8.  Whaling.  This was another paper that started out with a good premise but fell apart before we got to page two.

9.  NASA funding.  I haven’t read this paper yet, but the kid who wrote it wrote a surprisingly effective (and entertaining) analysis about calcium, so I have high hopes.

10.  Funding for the arts in schools.  This paper is another I haven’t read yet and, to be honest, I’m kind of dreading it; the student who’s writing it hasn’t produced anything of any kind of quality all semester (AND he admitted that he started the paper the night before it was due, despite my trying to get them to run through a drafting and revision process for weeks).  Oy.

 

 

6 Comments

Filed under bad grammar, composition, concerns, dumbassery, failure, frustrations, I've got this kid...., Logical Fallacies, really?!, Teaching, writing, Yikes!, You're kidding...right?

Teachable Moment

So, I’ve got this student in one of my classes; let’s call him Joe.  Joe is brash and abrasive.  He’s spent his life doing hard work in harsh conditions.  He’s a smoker (and probably a drinker).  My impression is that he’s not exactly amenable to doing the kind of thinking that will get him over what I see as the roadblocks he sets up for himself.  I think he thinks of himself as an “old dog,” and I present a particular challenge to him not only because of the class I teach (he’s not in community college to become a better writer; he’s made that perfectly clear), but also because of the energy I present.

Every class starts with a writing warm-up in the form of a quote that I ask the students to think and write about.  Today’s quote was from Jonathan Swift:  There are none so blind as those who will not see.  Here’s Joe’s response to that prompt:

To see is the ability to acknowledge what is happening around and in front of you.  When you can not see because you think you already have the answers, then you are destined to stumble around blind without a clue.

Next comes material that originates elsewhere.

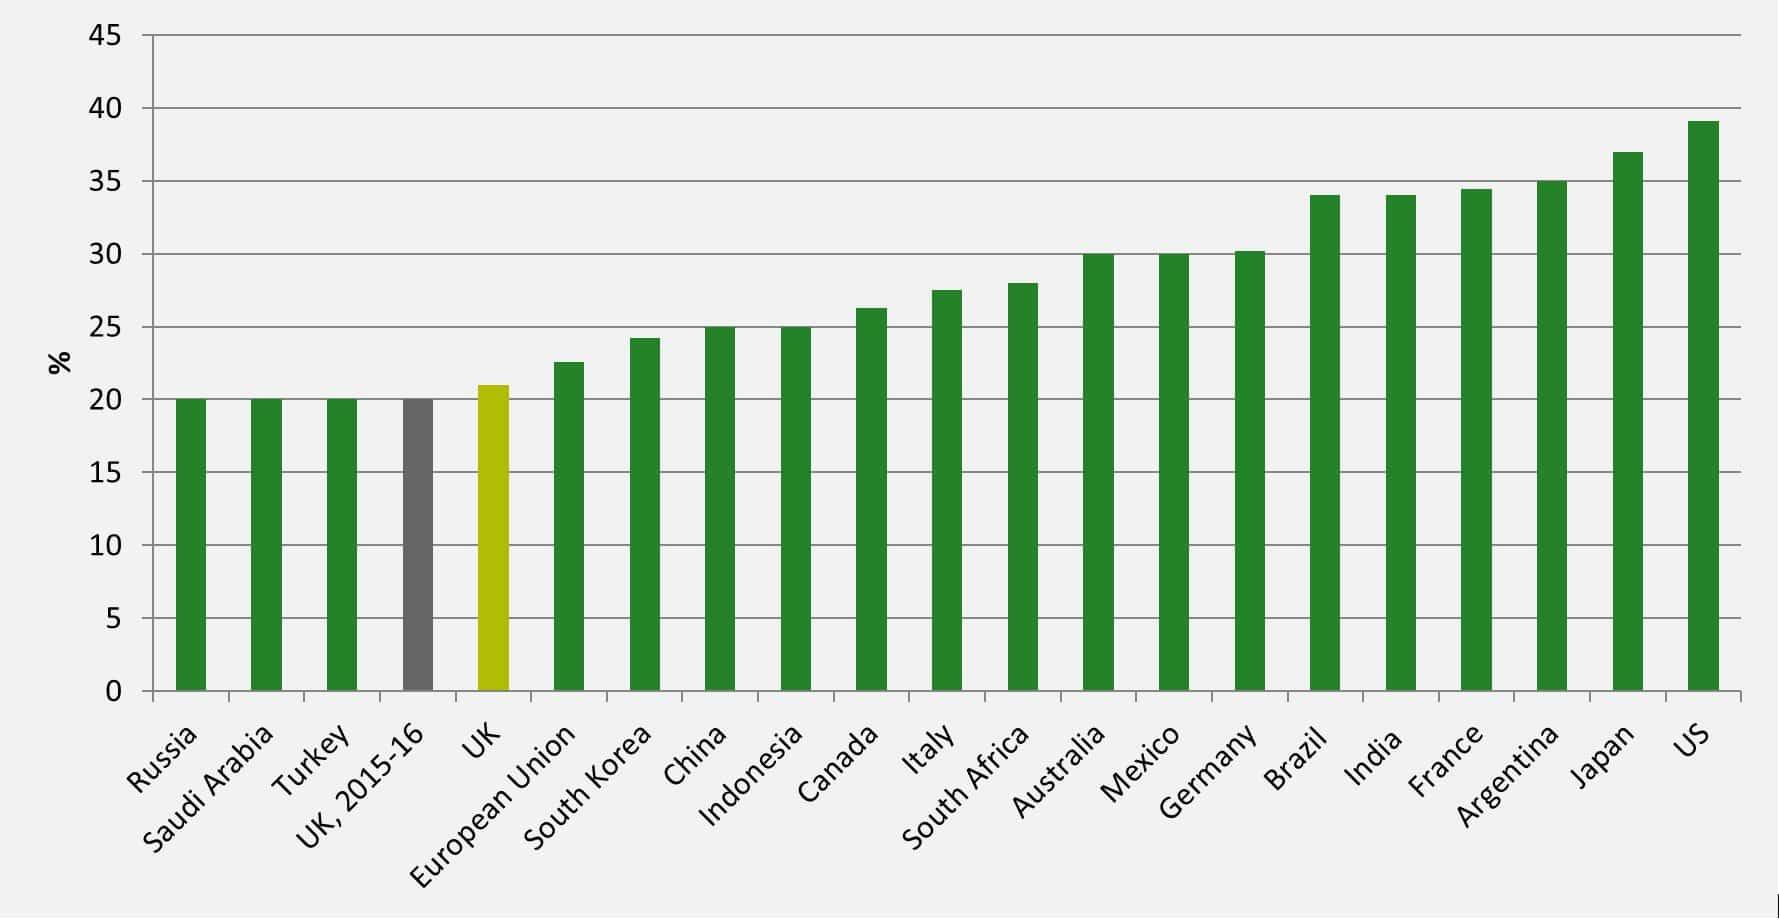 corporation-tax-rates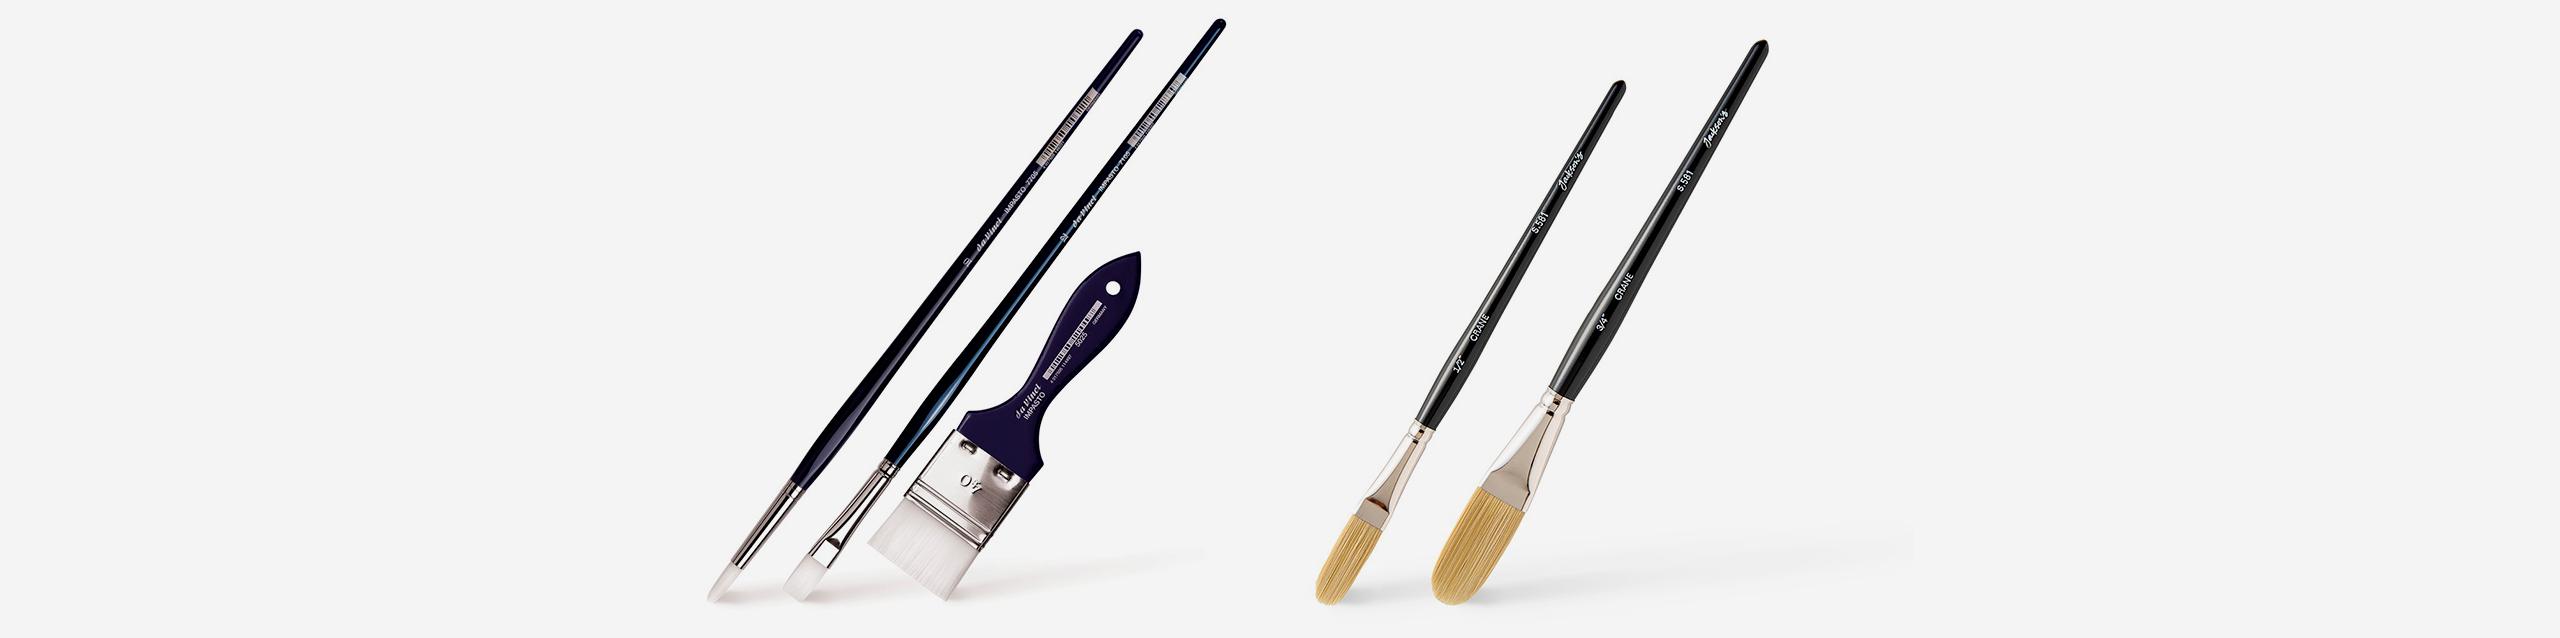 L-R: Da Vinci Impasto brushes, Jackson's Crane brushes

Those who simply will not see are entwined in an ignorant bliss, unaware of what is happening around them or the impact (or the negative impact) that there (sic) decision will make.  A prime example of this i that pinhead sitting in the white house. He refuse to see what a negative impact the ACA will have on the economy.  He refuses to negotiate to solve problems or simply ignores the problem either through ignorance or simply failure to see what is happening around the country.

When I went around the room asking what everyone wrote, Joe read his paper.  As I do with most of the kids’ responses, I challenged him about it.   I asked him to give me an example of the ACA having a negative impact on the economy, and he responded that employers are limiting employee hours and that it’s just bad.  I told him that, if this was something he was really invested in, he should do some research about it because I wasn’t sure that he could find evidence to support that claim.  Then I moved on to the next student.

When I got Joe’s paper this morning, he’d included an addendum, scrawled in larger letters and clearly showing some frustration at my resistance to his ideas:

IF THE ACA IS NOT HAVING A NEGATIVE IMPACT ON BUSINESSES, THEN HOW COME ALL BUSINESSES HAVE RECEIVED A WAIVER?  OPEN YOUR EYES and see that businesses are going to part-timers and dropping health care to employees.  If the ACA is really good, how come Congress refuses to give up there health care plans for the new one?  How many Dr.s have retired in the last year?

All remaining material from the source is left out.